This is the Global Economic, Commodities, Scrap Metal and Recycling Report, by our BENLEE Roll off Trailer and Lugger Truck, July 27th, 2020.
Covid-19 Update. Forecasted U.S. were lowered to 219,864 deaths thru November 1st, with 146,935, now dead in 19 weeks, more than the entire population of Savannah, Georgia. As for more bad news, deaths per day are at record levels in some states and there have been over 1,000 deaths per day in the U.S. for the past 5 days. As for good news, the U.S, agreed to pay Pfizer $1.95 Billion for at least 100 million doses of a vaccine that is in testing and the U.S. is paying Moderna $1B for vaccine development.
U.S. weekly steel production rose to 1.306 M tons on the slow U.S. Manufacturing recovery.
Oil price rose to $41.29/b on the global economy coming back and on major global production cuts that remain in place.
U.S. Oil rig count rose slightly to 181, but down a huge 88.8% from the 2014 high, on low prices and the U.S. commitment to OPEC to cut U.S. production.
U.S. weekly oil production rose to 11.1M/b/d, remaining near the multi-year low on weak demand and as the U.S. commitment to cut U.S. production remains in place.

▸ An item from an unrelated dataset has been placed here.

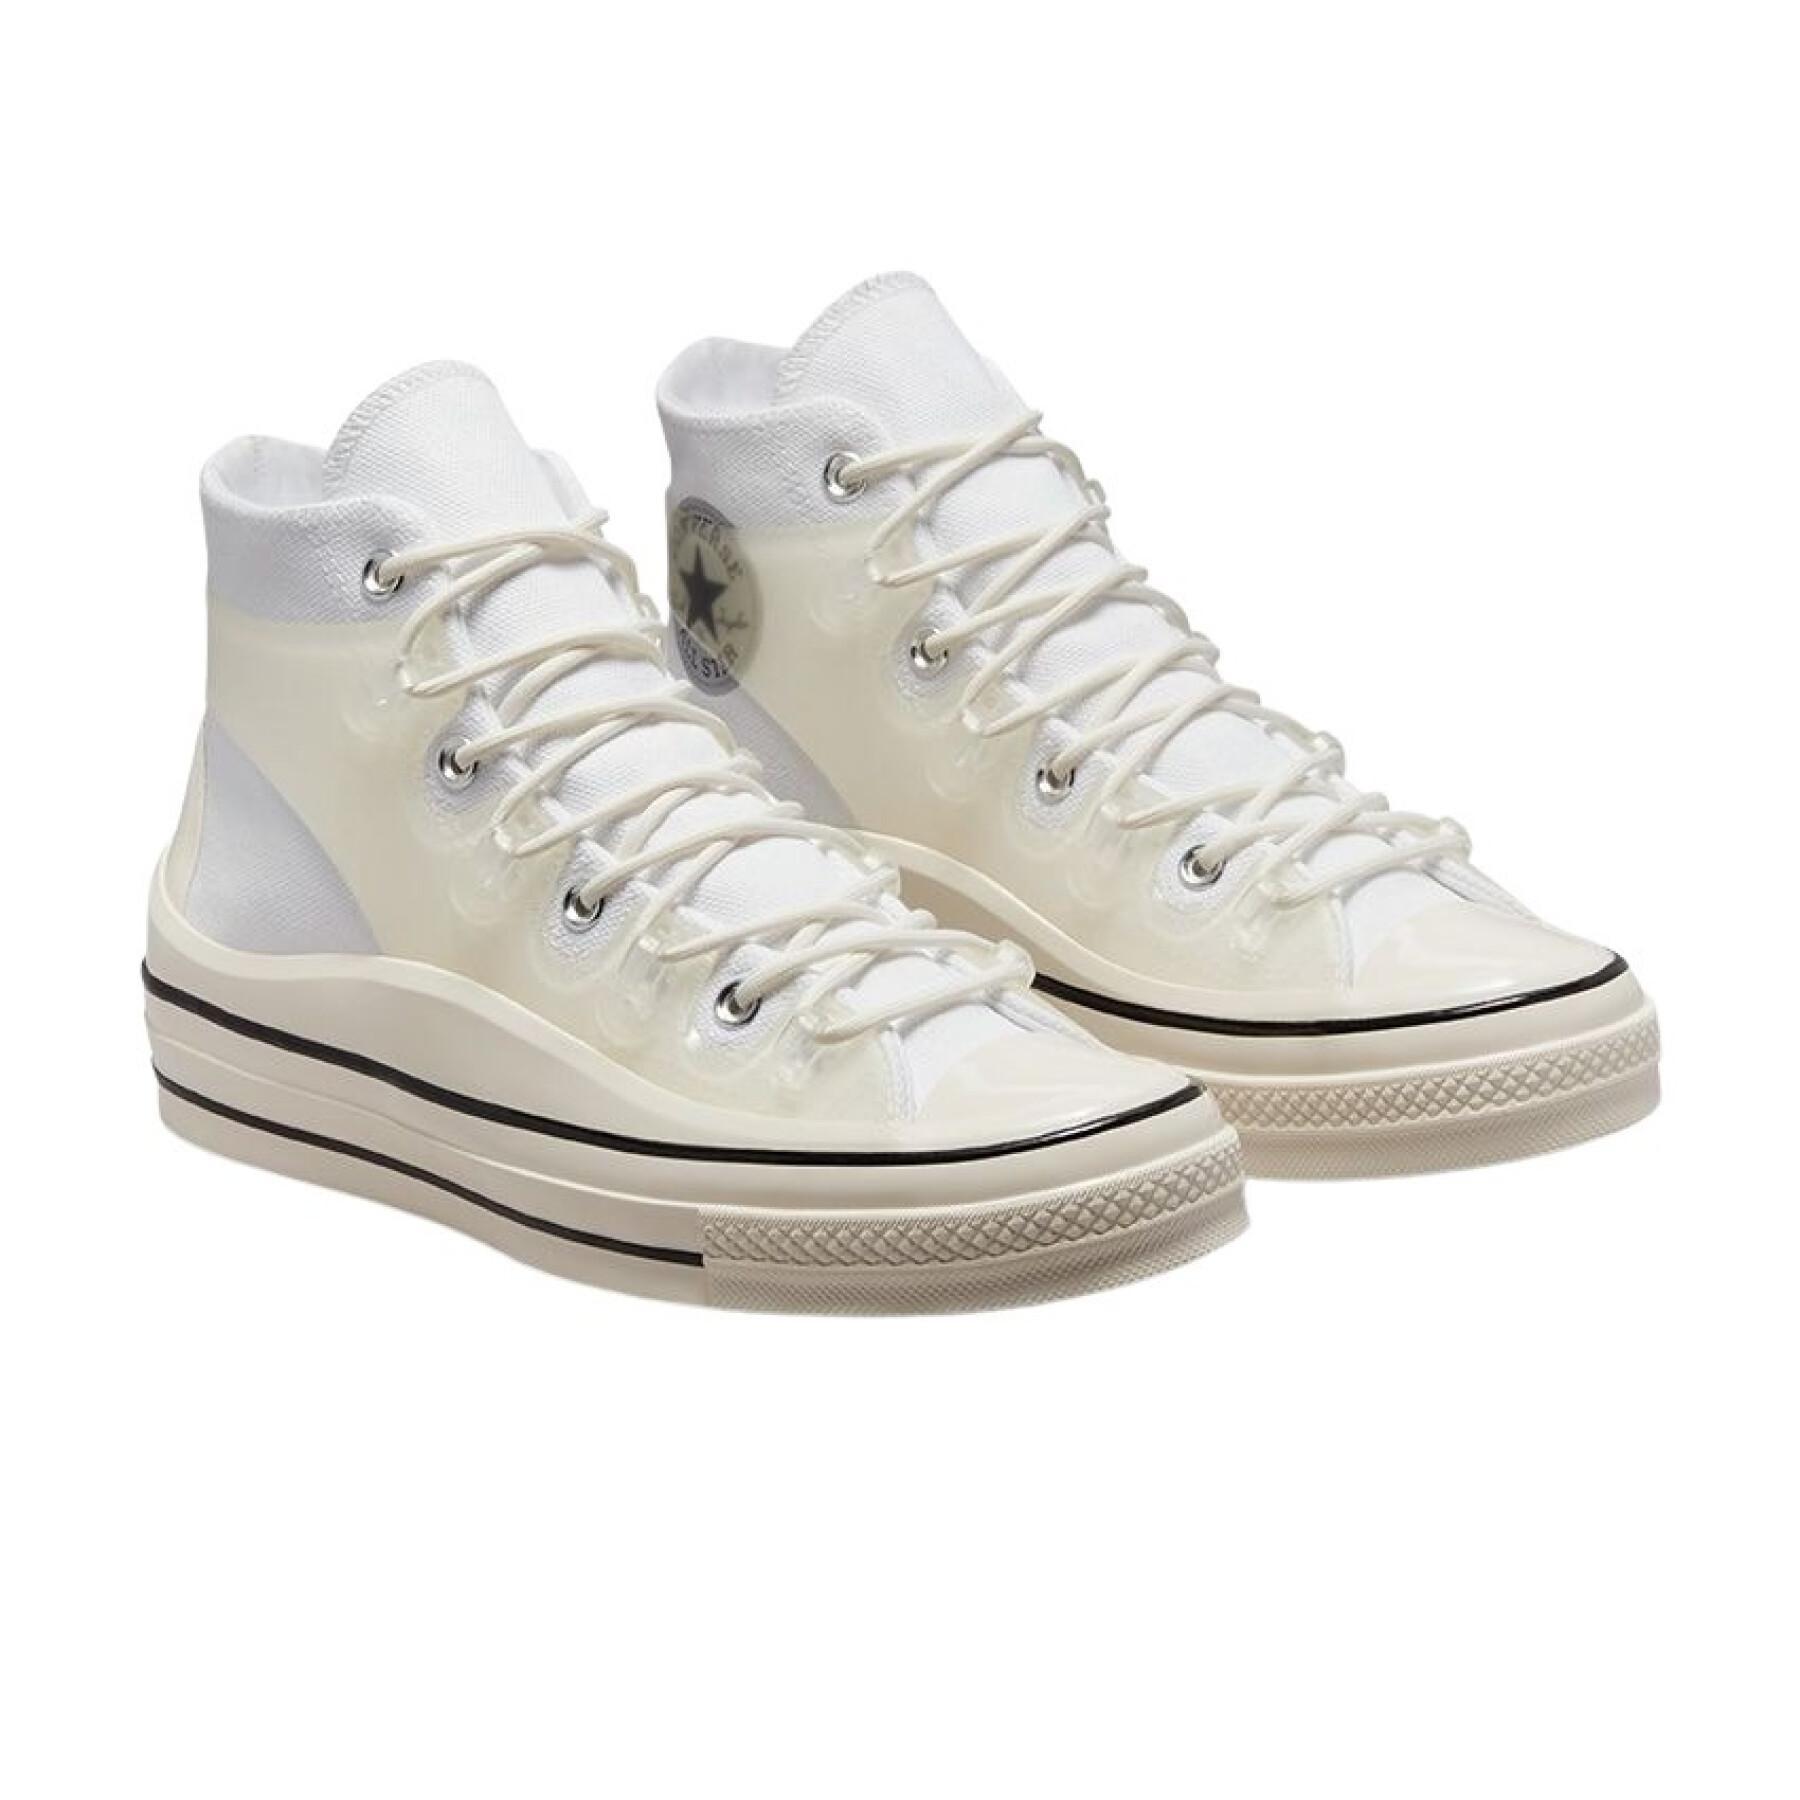 Sneakers Converse Street Utility Chuck 70 Utility
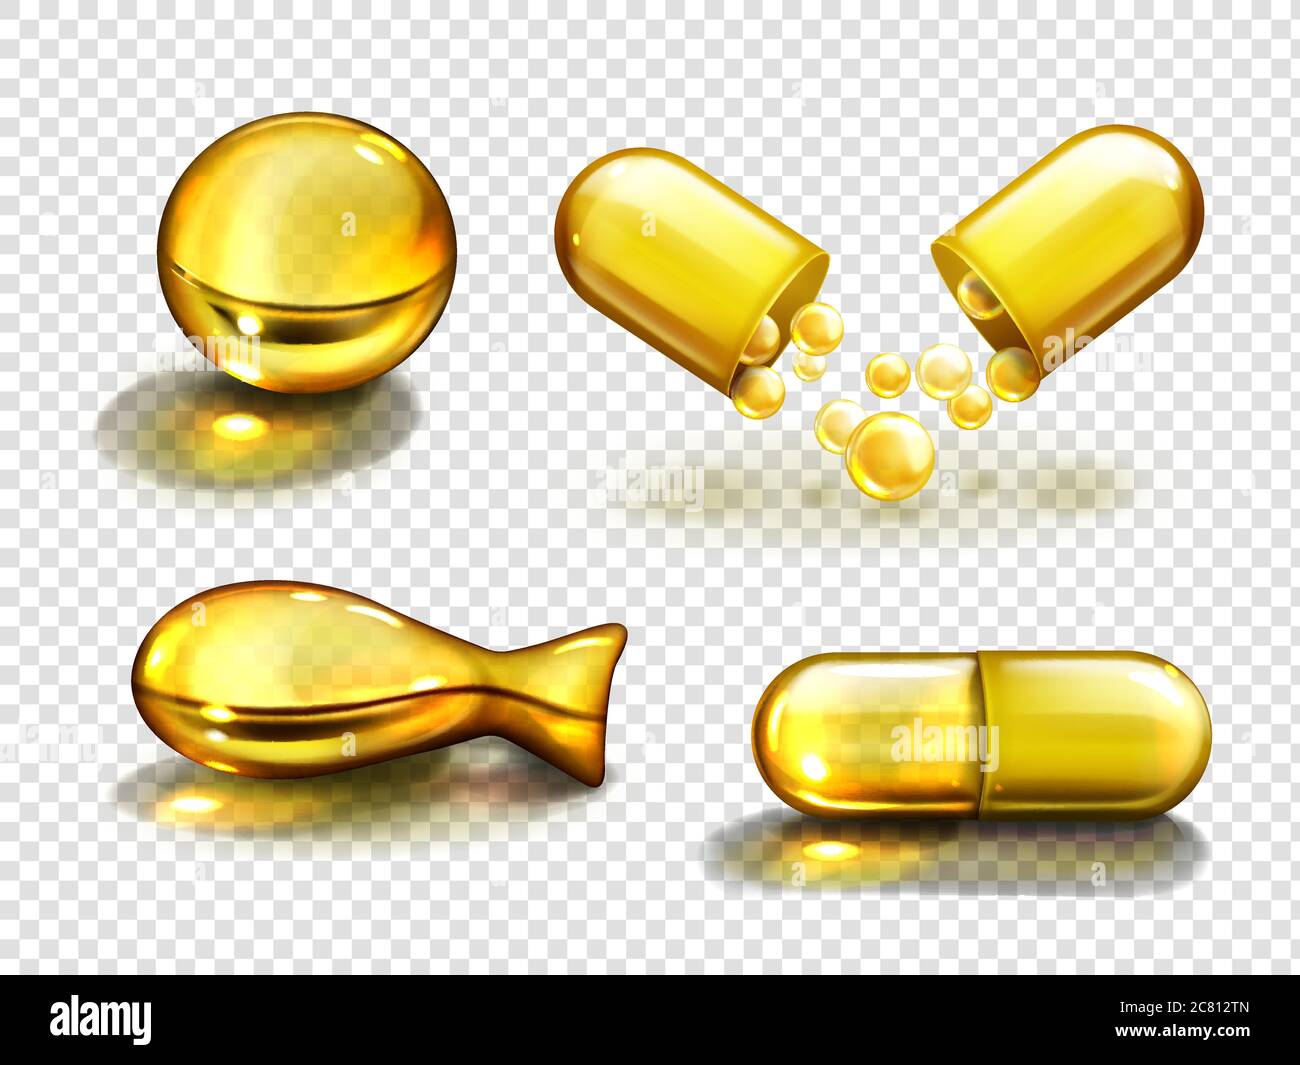 Gold oil capsules, vitamine, bio supplements, fish, round and oval shape pills. Cosmetics, omega 3 golden bubbles, antibiotic gel, isolated serum droplets or collagen essence, realistic 3d vector set Stock Vector

Scrap #1 HMS Export Buying price Philly, was steady at $190/GT on moderate supply and demand.
Scrap steel #1 HMS was steady at $193.33/GT with slight downward price pressure for August on moderate supply and weak demand.
Hot Roll Coil steel fell to $22.02 per hundred weight on good supply and weak demand as U.S. manufacturing restart is struggling.
Copper fell to $2.89/lb. still near the 15-month high as China’s unwrought copper imports rose 101.4% vs last year on increased manufacturing activity.
Aluminum rose to $.752/lb. a multi month high, leaving out the spike, on slow global growth.
Gold Price hit an all-time record $1,944.50 this morning on concerns about COVID growth and U.S./China tensions.
July’s Eurozone (an economy about the size of the U.S.), had it manufacturing index rise to 51.1 with over 50 being expansion. It peaked in late 2017 and crashed in April. July had the first factory growth since January 2019.
U.S. Dollar index vs, global currencies fell to 93.9, the lowest since September 2018 on concerns about the speed of the U.S. recovery as the U.S. COVID death rate increases.
U.S. weekly initial unemployment claims rose to 1.416 Million as states were shutting down. Note, until February they were about 200K a week.
July’s U.S. Services index rose to 49.6. Over 50 is expansion. Service growth peaked in mid-2018 and crashed in April. Services remain contracting, but at a slower rate.
July’s U.S. Manufacturing index rose to 51.3. Again, over 50 is expansion. As with Services, Manufacturing peaked in mid-2018, and crashed in April. July is the first expansion since February.
June’s U.S. New home sales rose a great 13.8% to an annualized rate of 776,000, the highest since July 2007, but is only at the level of the 1970s. Also, the huge drop in March and April, combined with record low interest rates surely helped.
Wall Street’s Dow Jones Average fell 202 points to 26,470 on worse unemployment data than expected and on record COVID deaths in multiple states.